In terms of individual companies, TCS and HCL Technologies might be the most affected because of currency movements.

Both are expecting an impact of 220 basis points. HCL Tech’s margins will also be affected by wage hikes coming into effect in this quarter.

Though Infosys and Wipro are better placed to manage currency headwinds, both will have specific issues affecting growth.

“We expect Infosys to narrow its guidance to seven per cent in dollar terms for 2014-15. In the case of Wipro, performance will be marginally below the mid-point of two-four per cent guidance range. The focus will be on the implications of a decline in oil prices on IT budgets of energy clients. Energy & utilities is Wipro’s fastest-growing practice and accounts for 17 per cent of its revenues,” said Kotak Institutional Equities’ Kawa-ljeet Saluja and Jaykumar Doshi.  

Among the large-caps, Tech Mahindra, the fifth-largest IT services provider, is expected to perform the best, as it see a ramp-up of deals in the enterprise segment.

It will have a positive impact of 1.3 per cent on the top line, as it consolidates its Mahindra Engin-eering Services acquisition.

While analysts are keenly awaiting management commentary to gauge the demand environment, many are of the view that 2015 will be similar to 2014 in demand and growth, if not better.

Among the positives suggesting this year will be similar to or better than the previous one are an improving economic scenario in the US, expected recovery in IT spending in the banking vertical after two years that saw regulatory fines in the US, large deals and continuing market-share gains by Indian players.  

“In the past month, the National Stock Exchange’s CNX IT index corrected by about six per cent due to the fear of growth tapering in 2015-16 and a negative impact of cross-currency headwinds. "

"We believe 2015-16 will see an overall improvement in the demand environment, driven by an improvement in the US geography.

It could fall short of earlier expectations but will still be better than the estimates for 2014-15,” said an update by Sharekhan.  

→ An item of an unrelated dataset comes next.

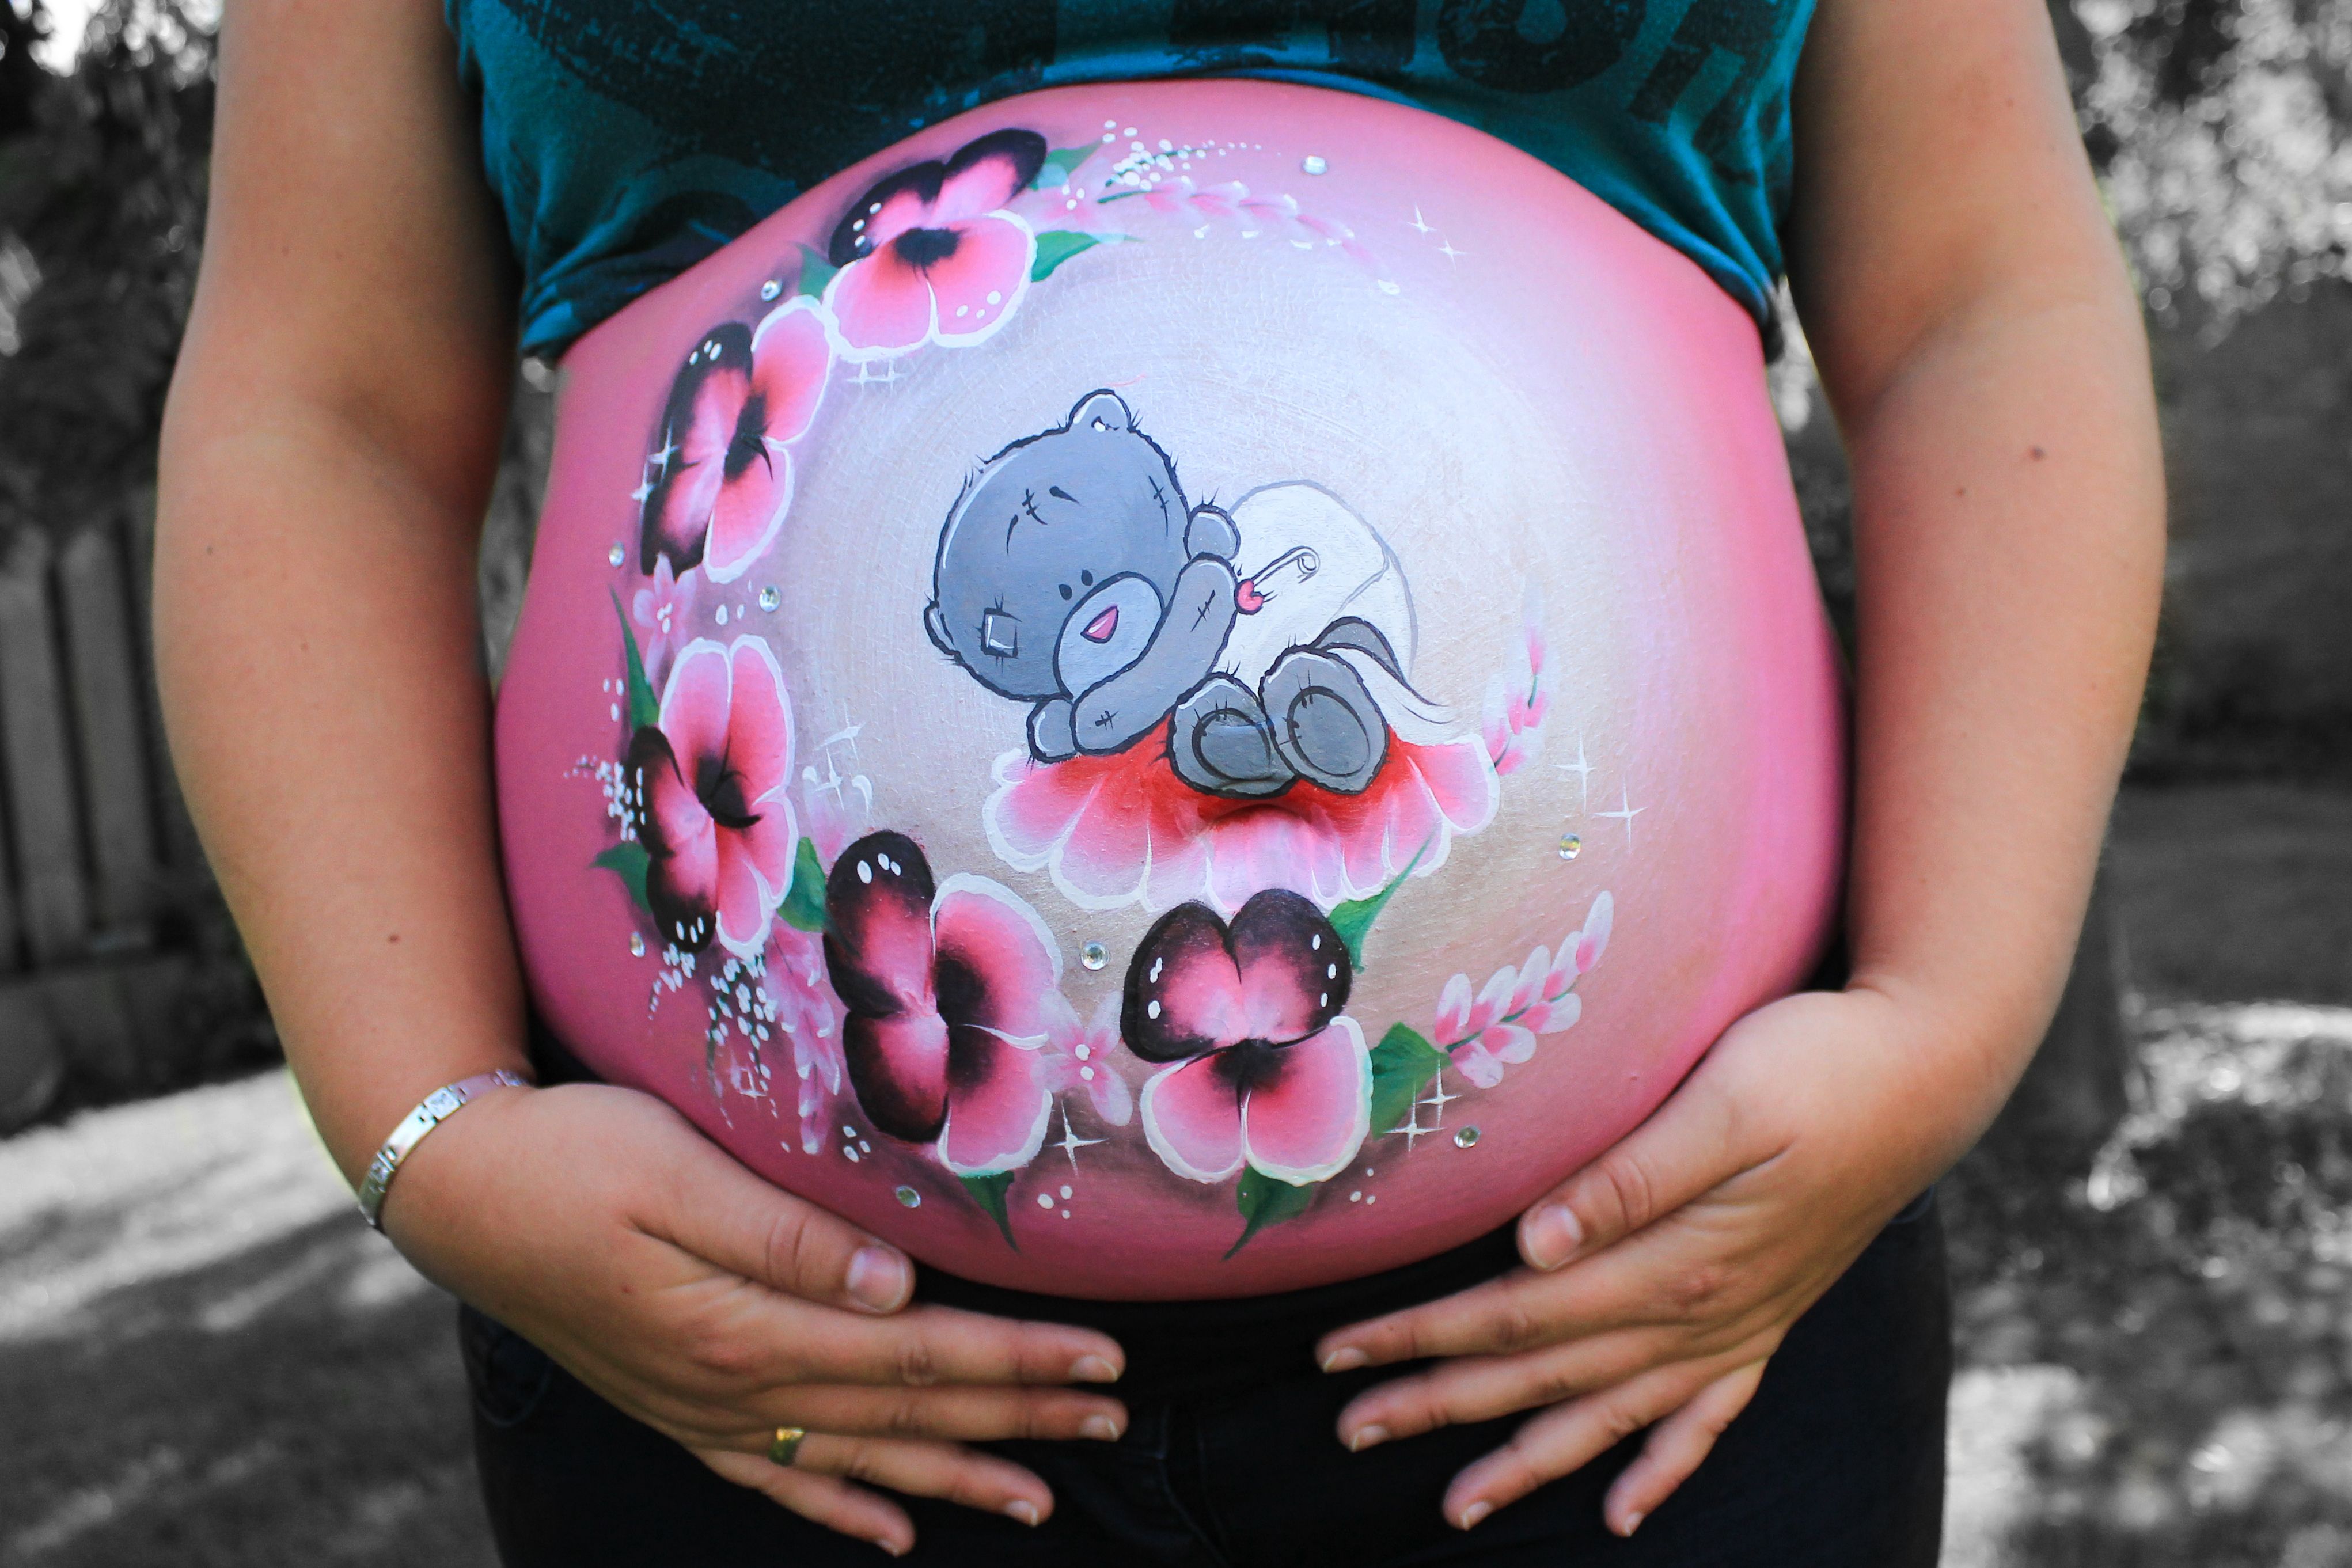 Рисунки на животе у беременных

“There are a few negatives as well. A decline in oil prices, for example, will have an impact on energy & utilities. This will affect select segments of manufacturing amid volatile demand in emerging markets. On the whole, we believe demand will be similar to that in 2013-14, if not better,” said Saluja and Doshi.  

However, growth in clients’ digital initiatives through incremental spending, rather than self-funding mechanisms (aggressive cost take-outs in the legacy business), could be an additional growth driver.